Moreover, both measures were tested with a sample consisting of 96% male participants. Even though this is the usual gender ratio for the fire services, any potential gender differences in the evaluation of command unit trainings cannot be assessed, which reveals a direction for further research.

Furthermore, extending the evaluation of the fire service training on level III (behavior change) and IV (results) of Kirkpatrick’s model (Kirkpatrick and Kirkpatrick 2006) would broaden the insight into the quality of the trainings. Such an extension would provide knowledge about the behavior of command unit members during real incidents, whether training content is applied the way it is taught, and what impact this has on the results. In addition, if subsequent evaluation tools use behavioral and result criteria, it might be important to consider the social context and the favorability of the post-training environment, as these factors can tremendously influence the transfer of training content (Arthur et al. 2003). Therefore, further research on the last two evaluation levels is necessary.
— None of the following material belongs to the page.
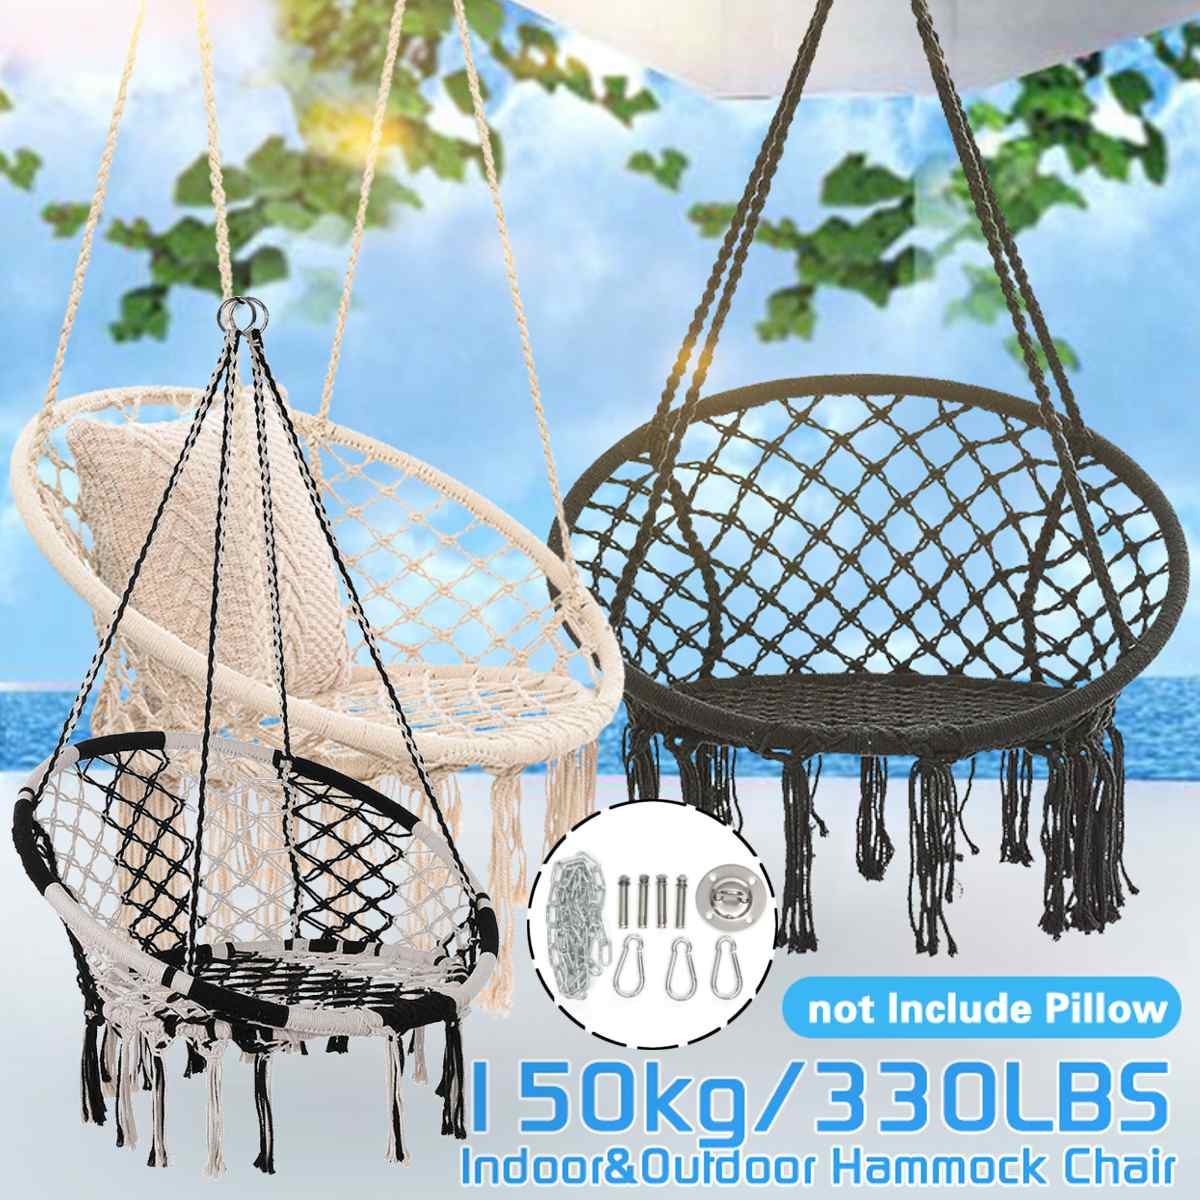 History Review On 150kg Nordic, Round Porch Swing Chair

Lastly, for the fire service command unit or other command units, the shared mental models are of special interest (Badke-Schaub et al. 2012; Hofinger and Heimann 2016; Lamers 2016). Command units are faced with a large amount of information from which a shared understanding of the situation and the upcoming actions must be distilled (Badke-Schaub et al. 2012). A few suggestions for shared mental model assessment can be found in Mohammed et al. (2010). We tried to integrate this aspect within the FIRE-CU competence scale, yet with just three items this aspect is only screened. For an in-depth evaluation of shared mental models of command units during command post exercises, more detailed assessment tools have to be developed.

8 Conclusion

By building on existing scales for group and platoon leader trainings, this study provides extensively tested and validated tools for the evaluation of command unit trainings: the FIRE-CU and the FIRE-CPX measures. Although both instruments were validated in the context of educating command units, they could also be used for the evaluation of various tactical team trainings and other HRTs if the validity of the intended context is verified. Giving attention to these work and leadership environments might serve as a foundation for further research on this topic. As the present study provides critical tools for measuring the quality of command unit trainings, we hope that these tools will prove useful both for practical application and for research. Insight on the performance of command units not only affects members of the investigated organizations, but also has implications for a broader community that depends on fire services, police, and the other rescue forces in emergency situations. Hopefully, the present research can help contribute to a field in which high-quality training not only improves the work of one organization but also bolsters the standard of living for the society as a whole.